1 can of chickpeas (grams) or 1 ½ cups of cooked chickpeas
¼ cup of lemon juice (1-2 large lemons)
¼ cup tahini
1 garlic clove
1 tbsp of extra virgin olive oil
Fine sea salt to taste
1-2 tbsp of Rose Harissa to taste
2-3 tbsp of ice water, as needed
Garnish with: olive oil, dash of paprika or sumac, chopped parsley, or whole chickpeas
1. Place tahini, lemon juice, garlic and salt in a food processor or blender, and combine for 1 minute. Scrape down the sides and with a spatula and blend for another 30 seconds to help “cream” the tahini and keep the hummus smooth.

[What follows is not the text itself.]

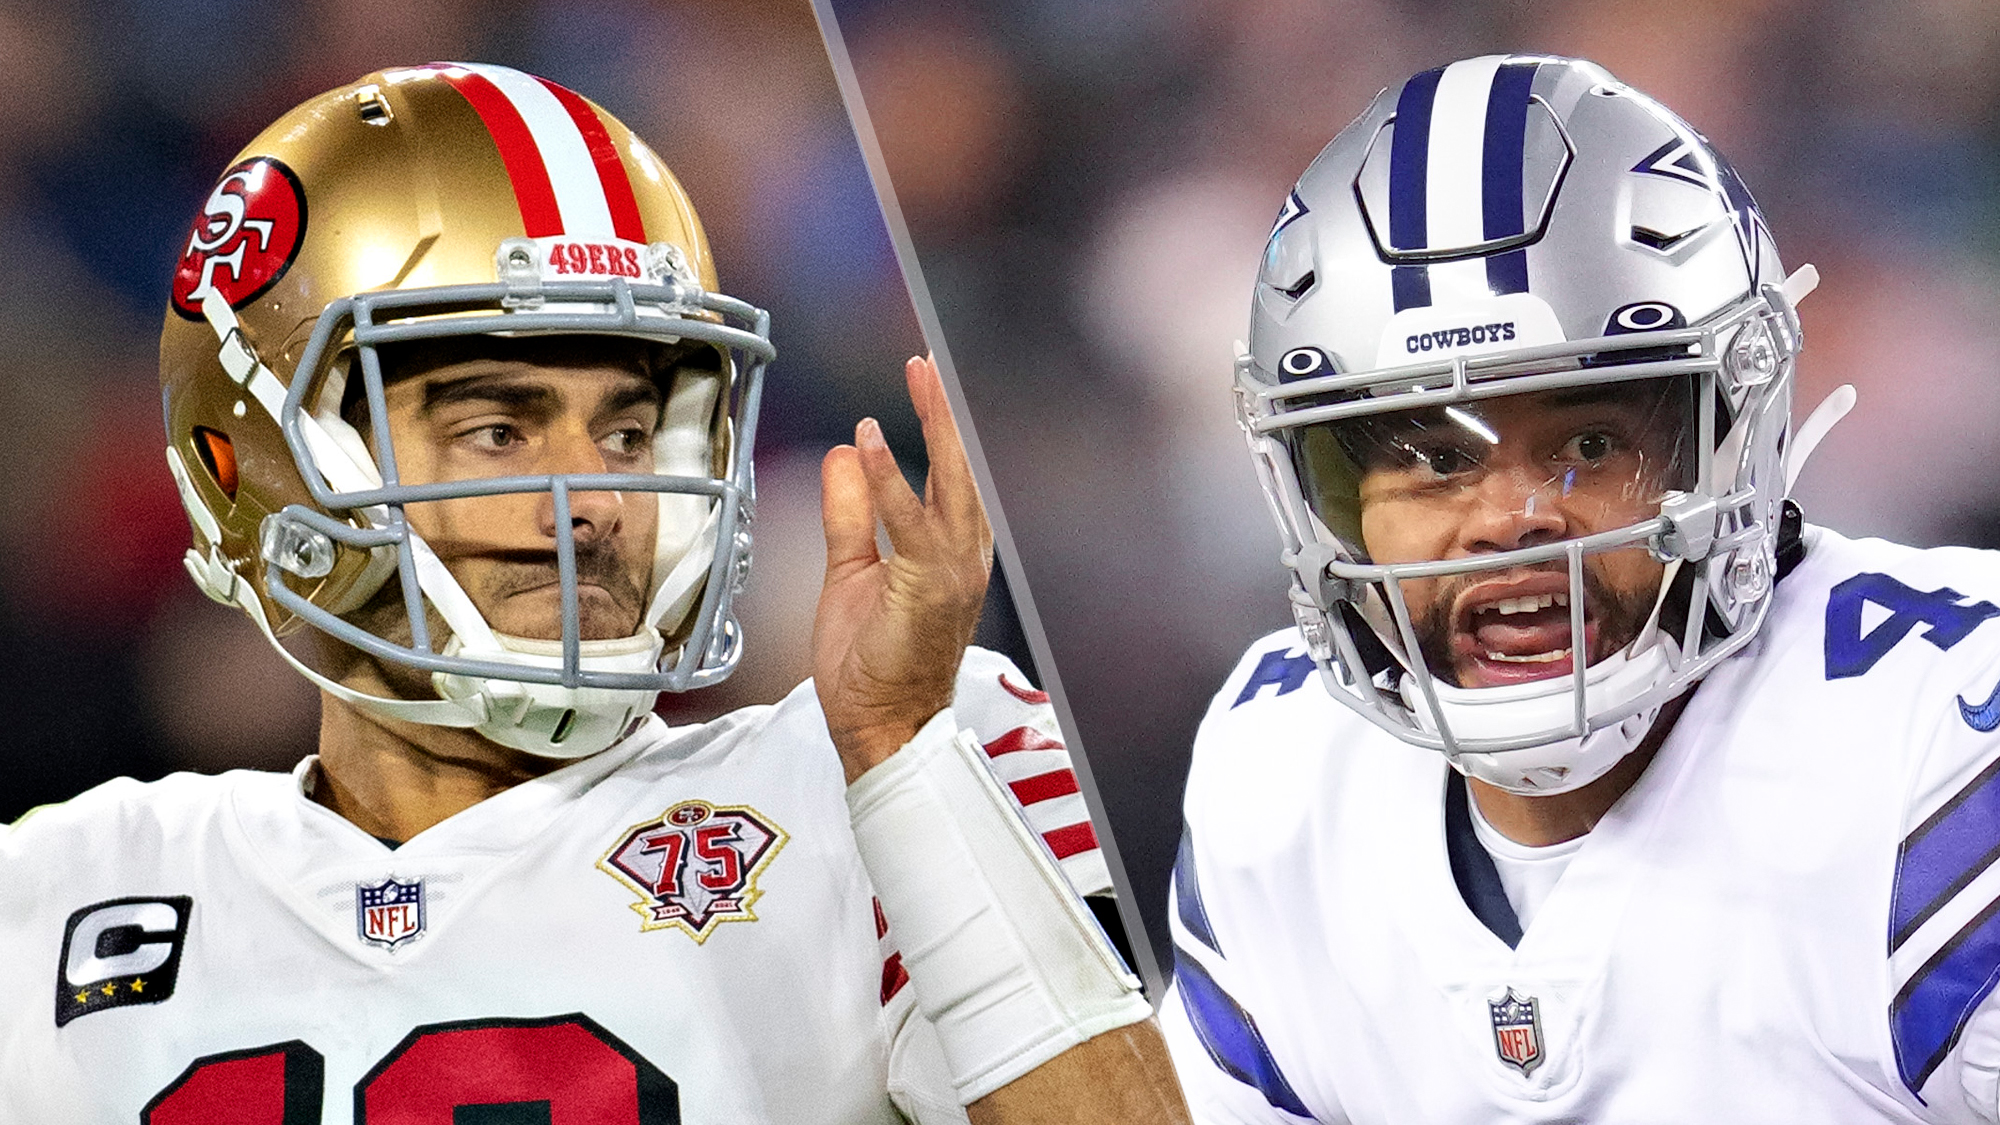 how to watch 49ers vs cowboys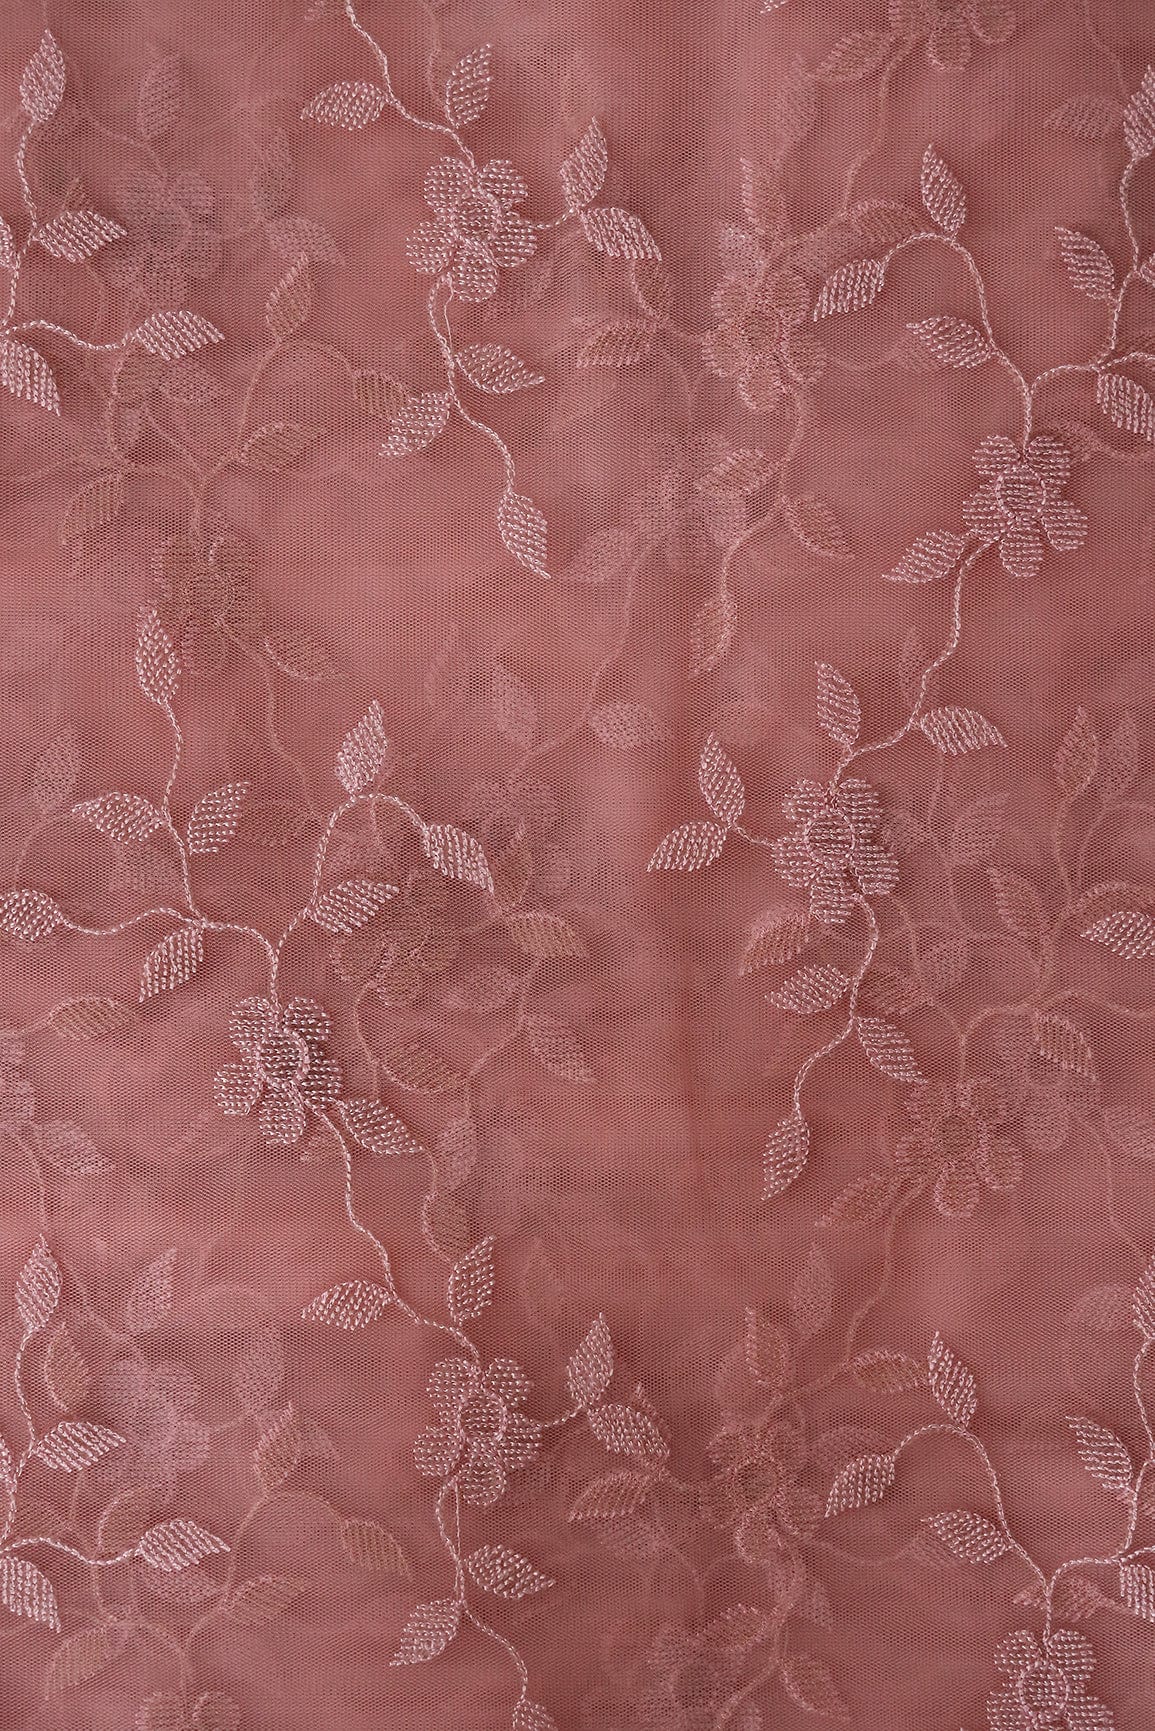 doeraa Embroidery Fabrics 1 Meter Cut Piece Of Light Pink Thread With Silver Sequins Floral Embroidery Work On Light Pink Soft Net Fabric

2. Add half of the cooked or drained chickpeas and process for 1-2 minutes. While it is blending, drizzle in the oil. Scrape the sides of the food processor, then add remaining chickpeas and 1-2 tbsp Rose Harissa. Process until thick and smooth.
3. If the hummus is too thick, slowly add 2-3 tablespoons of ice water until you reach the desired consistency.
4. Taste and adjust with salt or lemon juice as needed.
5. Serve with your garnishes of choice. Hummus keeps well in the fridge in an airtight container for up to one week.